L'exploration du plancher océanique est à l'origine d'autres découvertes déconcertantes. On a
trouvé à cette époque que la croûte océanique, de faible épaisseur (5-10 km), est composée de
roches basaltiques relativement denses (2,8 à 2,9 g/cm3) alors que la croûte continentale, de plus
grande épaisseur (30-40 km), est constituée de roches granitiques plus "légères" (~2,7 g/cm3). La
faible épaisseur des séries sédimentaires trouvées près des dorsales pose problème. En effet, par
dragage à l'aplomb des dorsales on remontait des basaltes ce qui indiquait une faible épaisseur de
sédiments, par contre les forages du Glomar Challenger montrent la faible épaisseur générale des
sédiments marins : que sont devenus les sédiments entassés depuis l'origine du globe ? Les océans
ont donc une importance considérable, non pas à cause de leur étendue, mais parce qu'ils sont
géologiquement très différents des continents.
Harry Hammond Hess , en 1960 (son article ne paraît cependant qu'en 1962), tente de
regrouper cet ensemble de découvertes en une unique hypothèse. Avec une grande analogie avec
le modèle de Arthur Holmes présenté trente ans auparavant, il affirme que le manteau terrestre est
affecté de larges mouvements de convection et que les dorsales mettent en évidence les courants
ascendants et les fosses océaniques les courants descendants. La croûte océanique est
continuellement créée au niveau des dorsales. Elle est ensuite entraînée à la surface des cellules
de convection, s'éloigne de part et d'autre des dorsales et finit par atteindre les fosses où elle
disparaît dans le manteau. La croûte océanique est donc continuellement recyclée et c'est ce qui
explique son jeune âge et la faible épaisseur des sédiments qu'elle porte. Les continents, au
contraire, à cause de leur relative légèreté, ne peuvent pas retourner dans le manteau. Ils sont
condamnés à dériver à la surface de la Terre, ce sont les « mémoires insubmersibles » du globe.

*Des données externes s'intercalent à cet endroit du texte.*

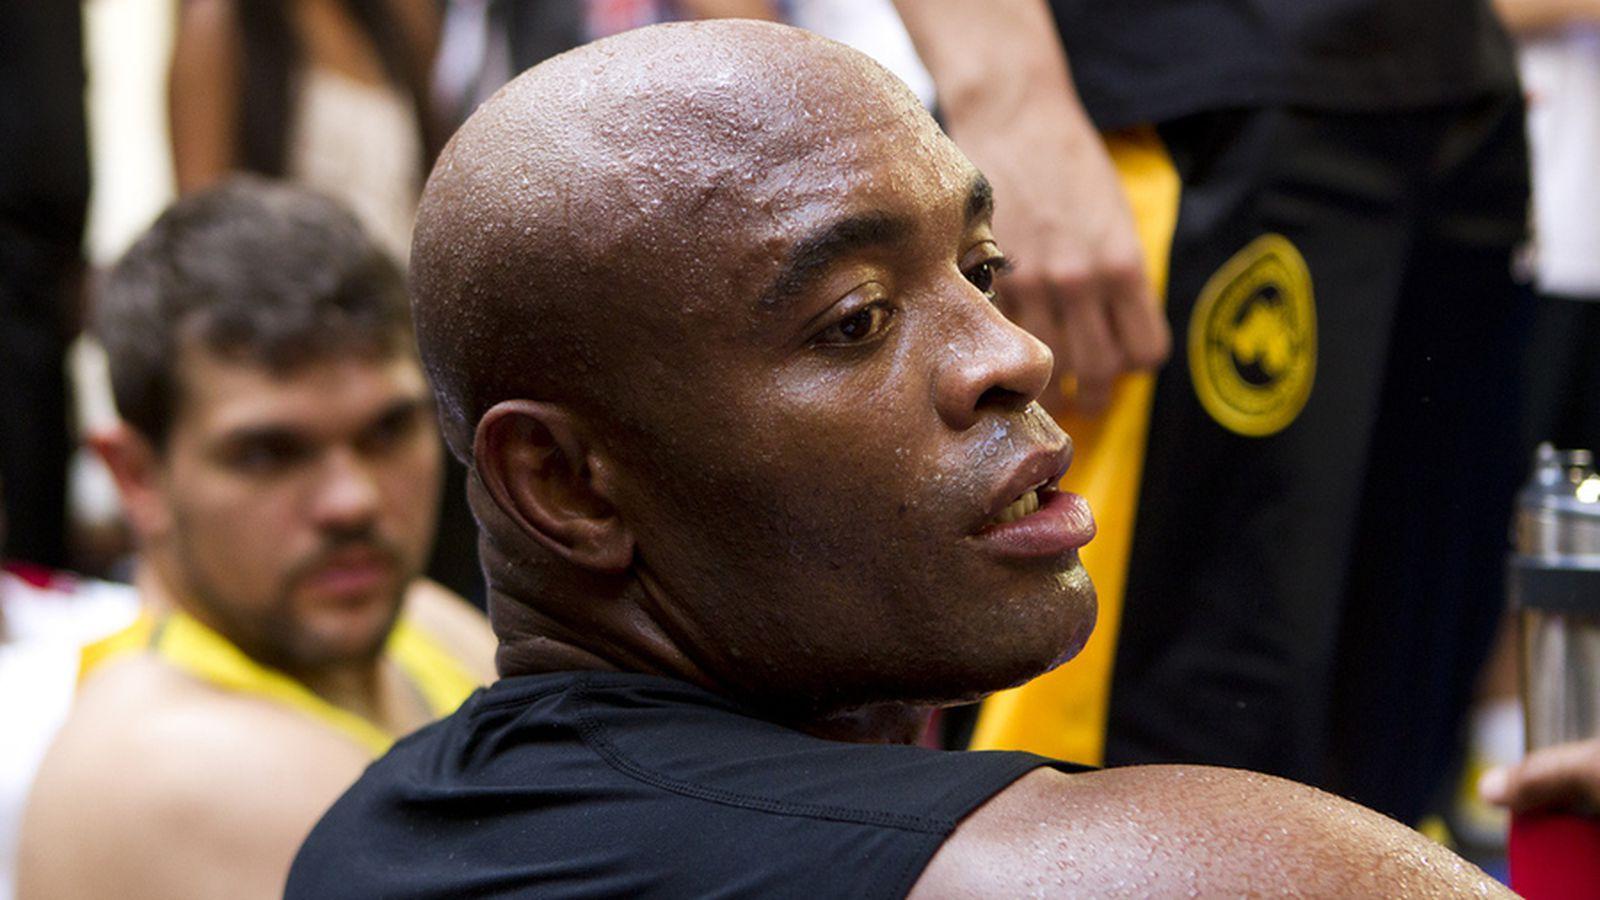 Anderson Silva won't fight in 2014

Hess précise que les continents se déplacent non en fendant les fonds océaniques comme le
suppossait Wegener, mais en étant passivement transportés sur une sorte de tapis roulant. En
1961, Robert Dietz reprend les visions de Hess et introduit l'expression « sea floor
spreading » (expansion des fonds océaniques).
L'hypothèse de l'expansion des fonds océaniques, qualifiée par Hess lui-même de "géopoésie",
reçoit un statut plus rigoureux grâce aux études géomagnétiques. Le champ magnétique terrestre
correspond sensiblement à celui que créerait un énorme aimant dipolaire placé au centre de la
Terre. Les mesures magnétiques réalisées au cours des explorations marines montrent cependant
des déviations significatives, appelées anomalies magnétiques, par rapport au champ dipolaire.